Após cursar a disciplina “O corpo imaginário na literatura, no teatro e na psicanálise” (2007), do programa de pós-graduação em Letras da UFMG, defrontei-me com o desejo de aprofundar o estudo sobre esse tema do corpo do psicanalista. Resolvi então olhar para o espelho e desvelar situações em que o meu corpo poderia ser afetado no trabalho. Lembrei de algumas, dentre elas, uma reação de susto, seguida de preocupação com um paciente, na noite em que recebi um telefonema inesperado às 22 horas, de seu familiar, que me comunicou, desesperadamente, que ele estava desaparecido desde a noite anterior e que seus documentos foram encontrados na rua2. Com certeza isso atrapalhou bastante o meu sono. Penso no impacto que situações dessa natureza poderiam ter no meu corpo, a longo prazo. Vários colegas me relataram que já tiveram o sono prejudicado em função de atendimentos pesados que fizeram durante o dia. Além e a partir disso, outra questão surgiu: será que o corpo do psicanalista clínico3 é afetado pelo confronto com o excesso de conteúdos que carregam dor, sofrimento e angústia dos pacientes, ou seja, pelo contato que ele tem com fortes projeções de pulsões de morte no trabalho?

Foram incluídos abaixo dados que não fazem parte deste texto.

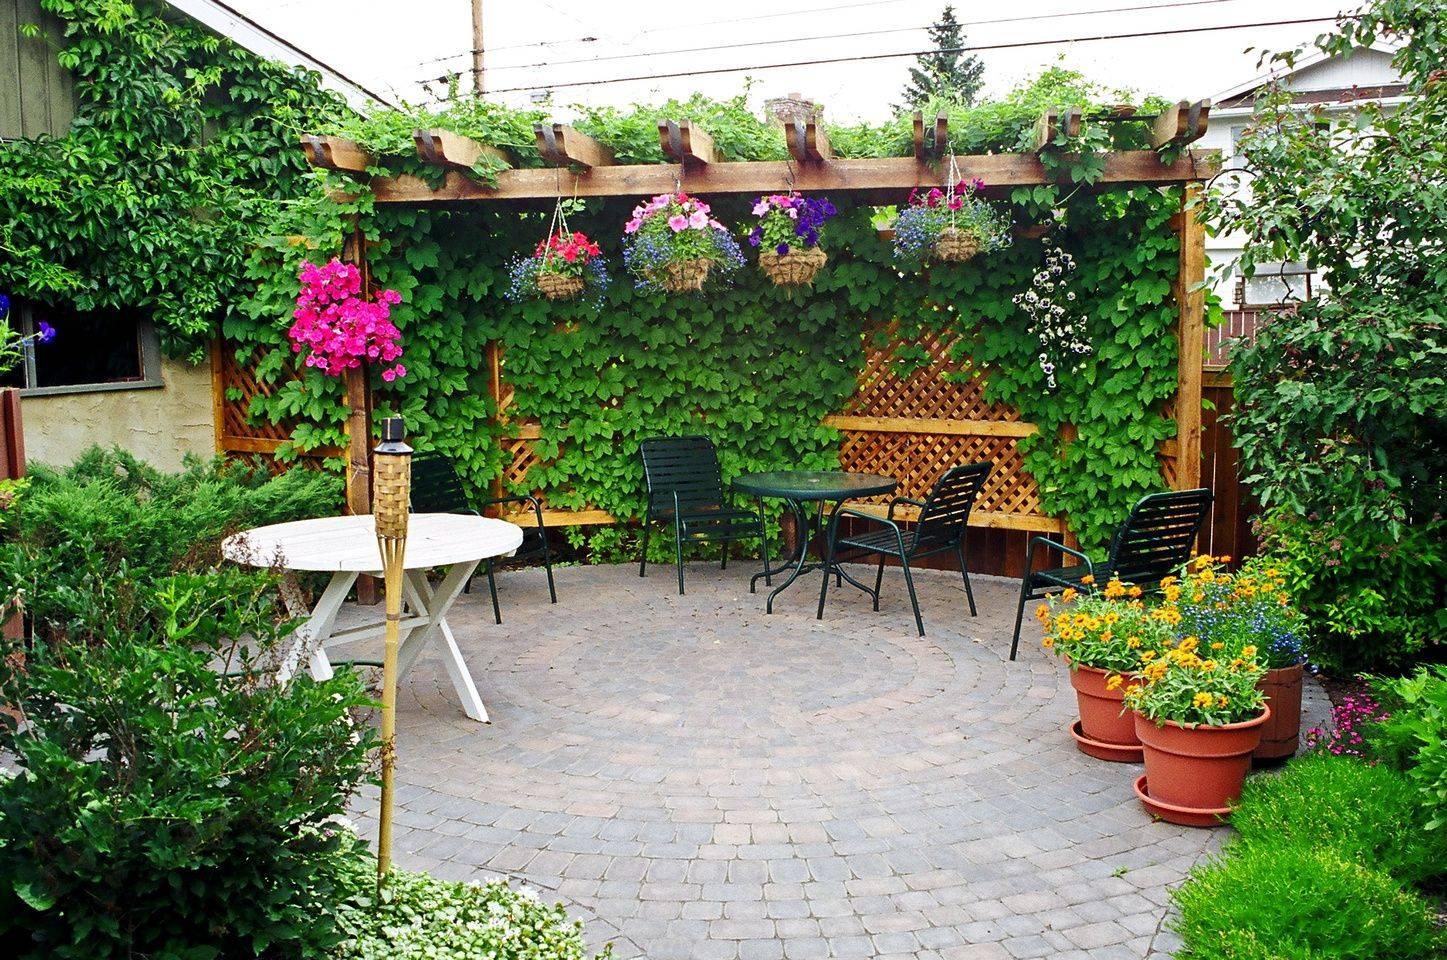 Pergola with Potted Plants Decor

A hipótese que me veio, inicialmente, é a de que se o corpo é o lugar onde se originam as sensações relacionadas aos sentidos e é atingido pelos afetos, tais como raiva, tristeza, alegria, culpa, dentre outros, então existe alguma probabilidade de que o contato com a raiva, a dor, a angústia de nossos pacientes, durante horas, semanas, meses e anos, pode trazer algum tipo de impacto para o nosso corpo, principalmente a longo prazo.

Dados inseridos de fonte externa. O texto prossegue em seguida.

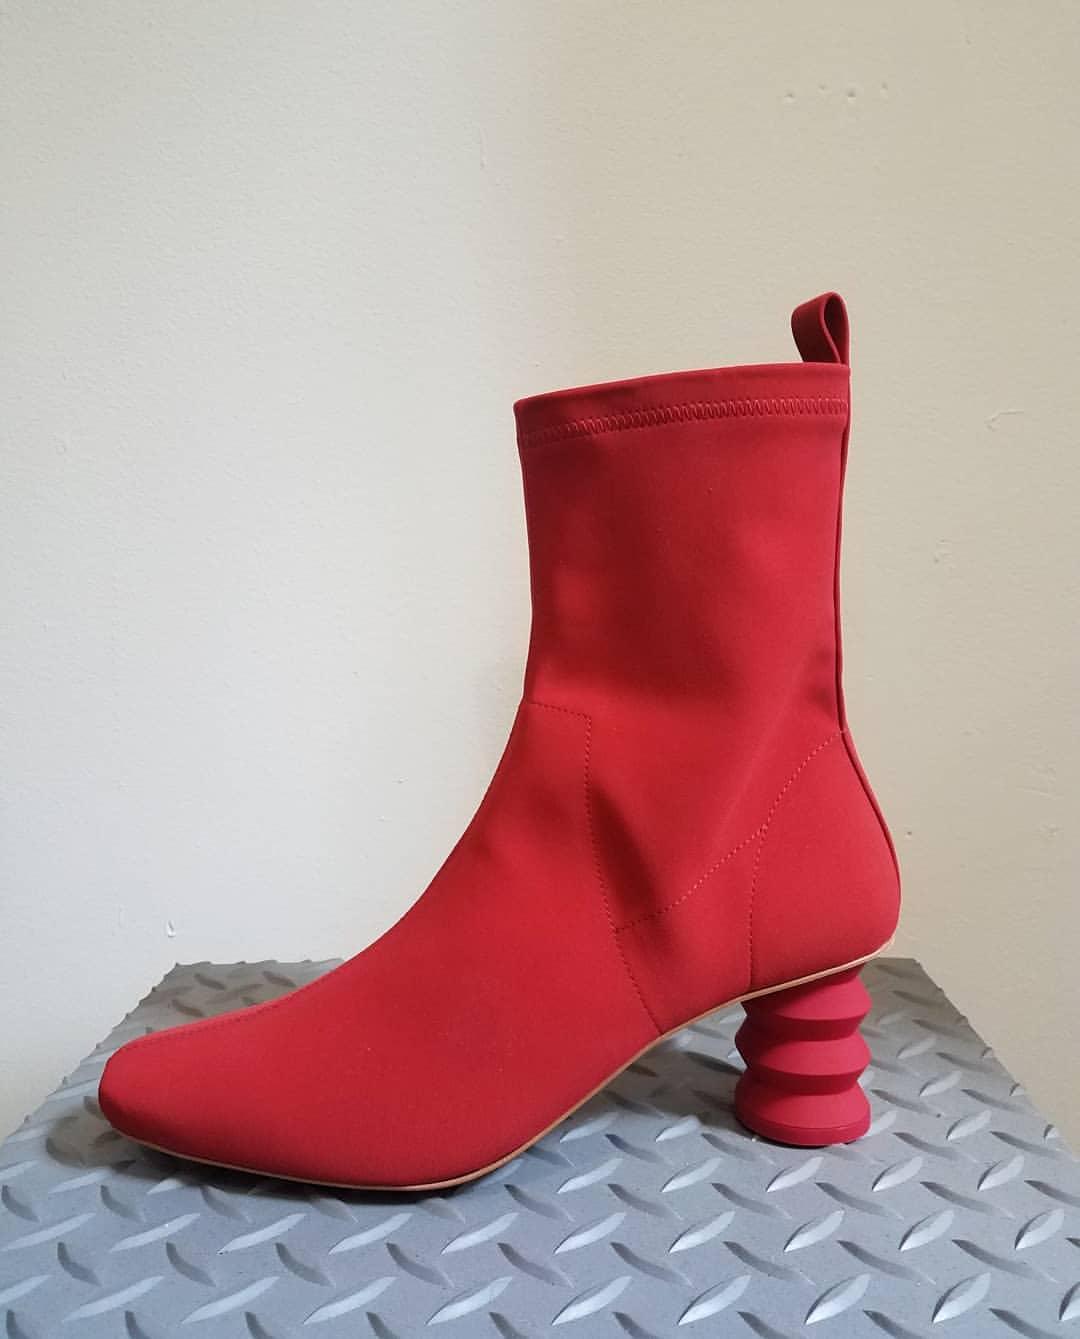 Shoes, $475 at Wheretoget

Para pensar nos impactos da clínica sobre o corpo do analista é preciso refletir, num primeiro momento, sobre a realidade que afeta esse profissional. Freud sempre foi atento à influência da cultura nos indivíduos. Nos dias atuais, tem-se um enfraquecimento das tradições, das referências, da função paterna, o que certamente traz conseqüências para o psiquismo dos indivíduos, os quais recorrem a ‘saídas’ cada vez mais frenéticas e apelam ao hedonismo, ao narcisismo e ao consumismo, em todos os níveis e classes sociais. A violência cresce em escala mundial e influencia analisandos e analistas. A crise ecológica, com um significativo aumento da temperatura global, também está na ordem do dia. Os relacionamentos estão cada vez mais descartáveis. A precariedade dos vínculos afetivos reflete a fragmentação da civilização atual. Paradoxalmente, nessa sociedade do espetáculo tem-se o imperativo da felicidade, onde produtos, gadgets, amores e drogas são consumidos rapidamente. Ao mesmo tempo, a criação de novas tecnologias que mudam a forma de percepção da realidade e melhoram o conforto dos indivíduos não consegue acabar com o mal-estar. No mundo atual, predomina a anomia, o vazio existencial e a solidão.

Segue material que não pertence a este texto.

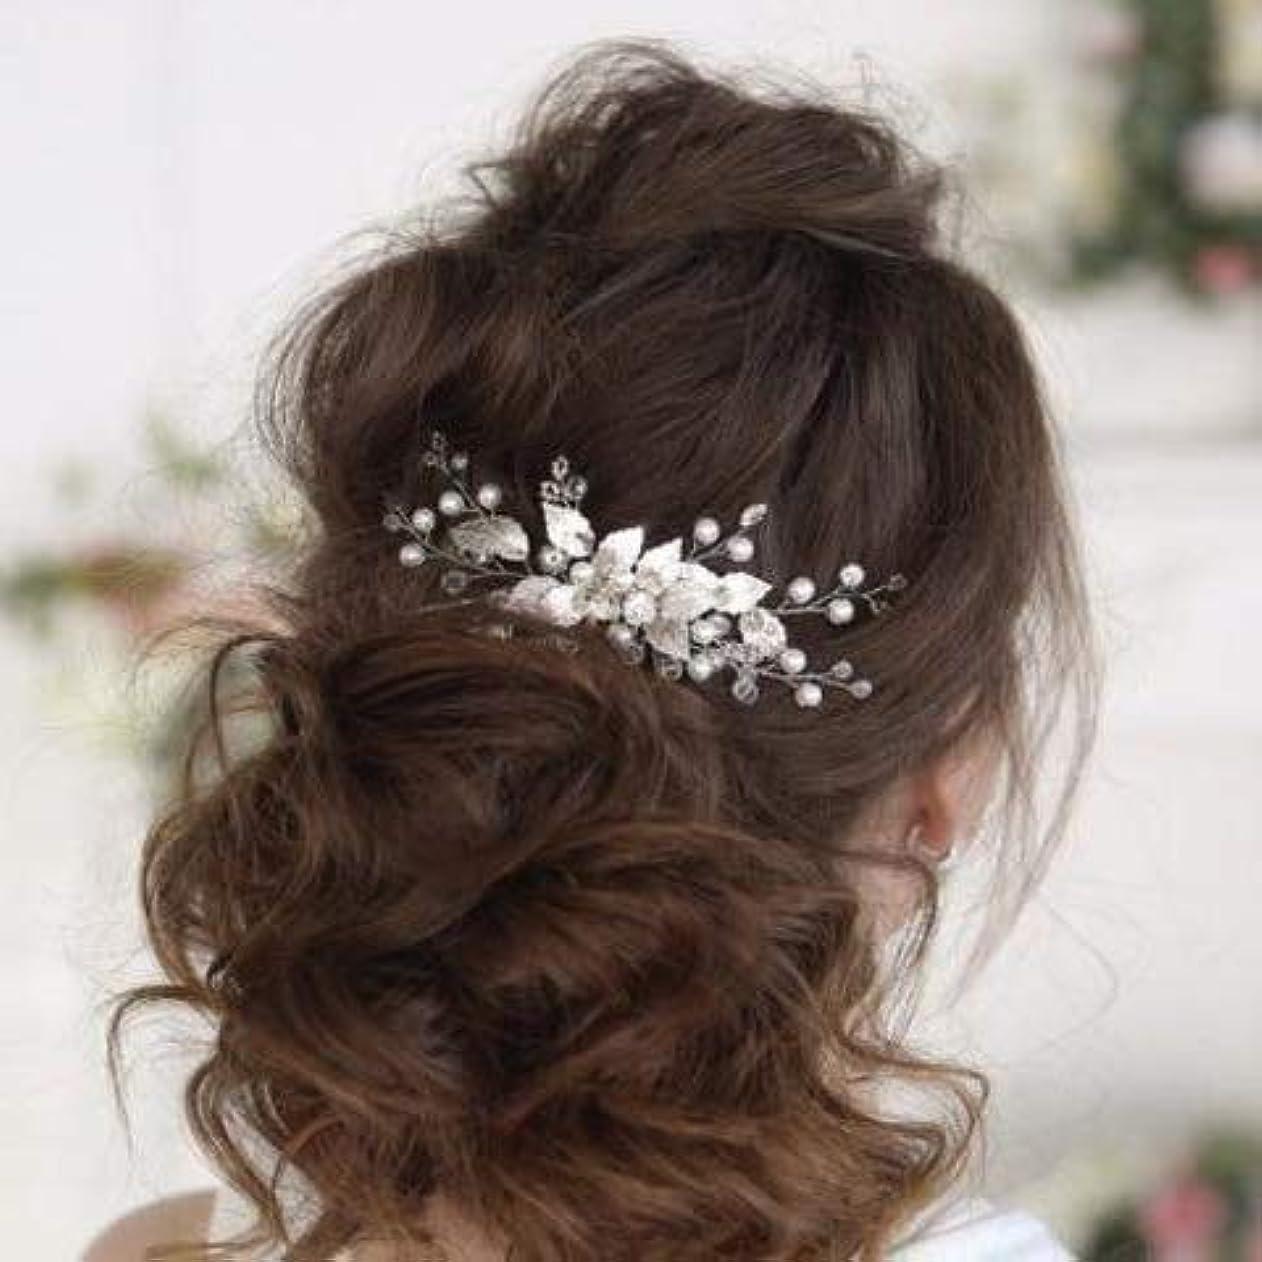 Kercisbeauty Boho Wedding Bridal Hair Comb Clips Decorative Headband with Crystal Leaf Rhinestones for Brides...

Em decorrência desse cenário, acredito que temos uma clínica mais complicada. A extensão da psicanálise a novos campos, tais como a análise de psicóticos, casais, famílias e grupos, pode fazer com que as reações inconscientes do analista sejam mais mobilizadas. No casal em crise, por exemplo, o jogo destrutivo, o ressentimento, a agressividade, ou seja, as projeções de pulsões de morte são muito intensas para o psicanalista4. O analista que atende clientes que atuam muito, como nos casos de neuróticos graves, deprimidos crônicos, psicóticos, toxicômanos, recebe uma carga de hostilidade muito forte.

Mesmo com essa situação externa problemática, não podemos esquecer-nos de nosso compromisso ético com a saúde dos pacientes, e é interessante que o psicanalista tenha uma práxis comprometida com a complexidade de seu mundo.

É certamente difícil quantificar o impacto de tudo isso no corpo do analista. Uma pesquisa sobre o perfil e a saúde mental do psicanalista, de Dora Pimentel e Maria Jésia Vieira (2005), entretanto, pode ajudar a esclarecer alguns pontos.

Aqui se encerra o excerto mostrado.